So, begins Hymn 117 in the Episcopal Hymnal. This morning I want, in fact, to do what this hymn directs: to sing a song of Mary. In churches reformed in the 16 century — for us, the Anglican Church — Mary does not get the press she receives in the Roman Catholic and Eastern Orthodox Churches. But that does not make her unimportant or dispensable. She remains an absolute necessity. No Mary. No Son of God in flesh made. No bridge joining heaven and earth. No salvation of the world. No hope and help for the individual struggling from some addition or sin.
For this reason, I want this morning to sing a song of Mary, the God bearer, Theotokos, as she is called in the Greek church tradition. In particular, I want to speak to you on the subject of Mary and the Word of God . . . ‘Word of God’ here having a double meaning, as I will go on to show.
We turn first to Mary and the Written Word, the Bible. Today, after all, is Bible Sunday, a day on which we give thanks to God for His written revelation and for all the blessings that have come about as a result of having an open Bible since at least the time of the Reformation of the 16th century.
But, what about Mary and the Bible? Did she in fact know the Written Word of God? Of course, it goes without saying that for Mary that Word would have been the Hebrew scriptures, our Old Testament. Back to our question? Did Mary know the Bible? I want to suggest that not only did she know it, she knew it well.
A friend of mine is of Sicilian descent and has family members who are devout Roman Catholics. The older ones, she says, are very reluctant to read the Bible. “Why should I read the Bible? The priest tells me everything I need to know,” they say. This generation, you see, grew up at time when the Bible was something of a closed book in the Roman Catholic Church. Thankfully much of that reluctance has gone away. Roman Catholics are now encouraged to read the Bible, as I understand it.
Returning to Mary. Clearly, for Mary the Bible was an open book, not a closed one. How do I know? What are the clues? The first comes from her response to Gabriel’s message, the message which said she was to be the mother of the Messiah. It is obvious she knew what Gabriel was talking about. The hope given in scripture of a coming King out of David’s line was her hope.
I would want to argue further that her knowledge of scripture enabled her to say yes to God’s call quickly and decisively. How so? Well, in this way: God’s faithfulness in the past as detailed in the Bible served as a powerful incentive to trust Him in the present. She could therefore say: “Behold the handmaid of the Lord; be it unto me according to thy word.”
The same thing is true in our lives.
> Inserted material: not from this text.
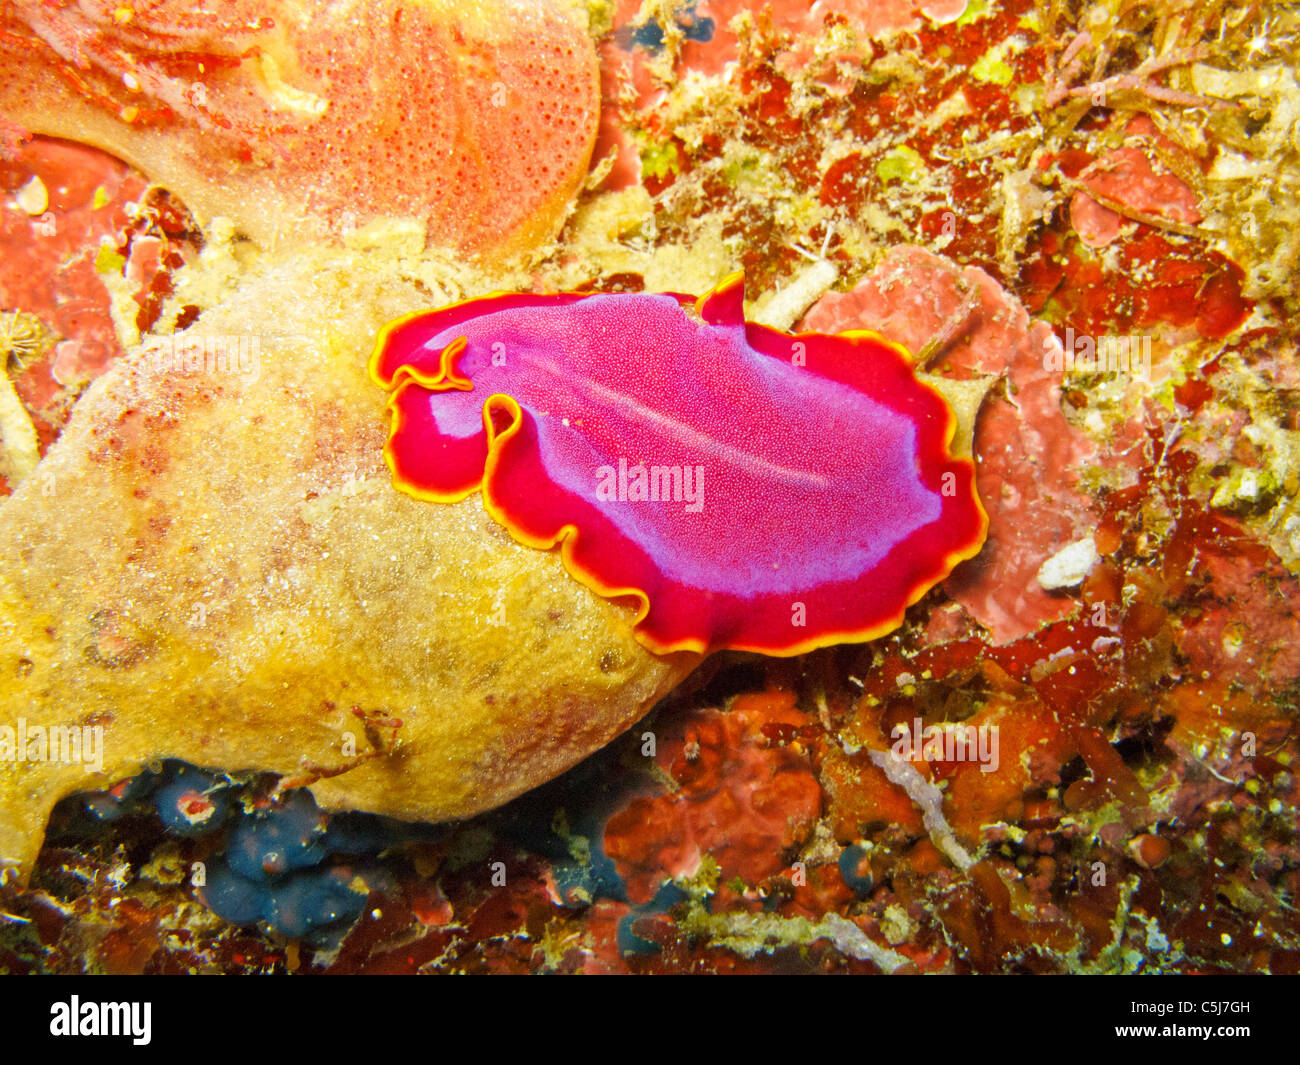 Colourful flat worm. Stock Photo

The better we know the scriptures, the better we know the character of God, and thus the better able we are to put ourselves confidently in His hands. To entrust our very souls and bodies to Him.
We have found one clue that Mary knew her Bible. Is there another in today’s reading? I believe there is. It is the song that came pouring out of Mary’s mouth while she was at her cousin Elizabeth’s house. I am, of course, referring to the Magnificat, which gets its name from its opening words in Latin: “My soul doth magnify the Lord, and my spirit has rejoiced in God my saviour.” This song is saturated with scriptural allusions. One not steeped in the Bible could not possibly have come up with it.
One additional thought: Mary’s Magnificat is an act of worship . . . worship which flows from a knowledge of the scriptures. She remembers God’s promises, she sees that God is now fulfilling those promises, and she is moved to praise Him for His faithfulness, to worship Him.
That reminds me . . . Once a lady coming out of one of our services here at St. Luke said to me: “Since I have started reading the Bible and going to Bible study. I get so much more out of your sermons and worship.” Well, I think that is often the case. Familiarity with God’s Word encourages and enriches our worship of God. It was true in Mary’s life, and I think if we put it to the test, we shall find it to be so in our own lives.
Before I close, I want say one additional thing about Mary and the ‘Word of God’. This time I am using “Word of God” in a different context. The “Word” I am thinking of now is the Word Incarnate. “Word of the Father now in flesh appearing,” we sing in one of our Christmas carols.
Mary, I want to suggest, was not only a reader of God’s Word, she was a bearer of God’s Word. She brought this Word – the Incarnate Word — to the world. In her case, literally. You and I, I want to suggest, have a similar task. We too are called to bring the light and hope that comes from the Incarnate Word to the world, beginning with those who live in the shadow of this church.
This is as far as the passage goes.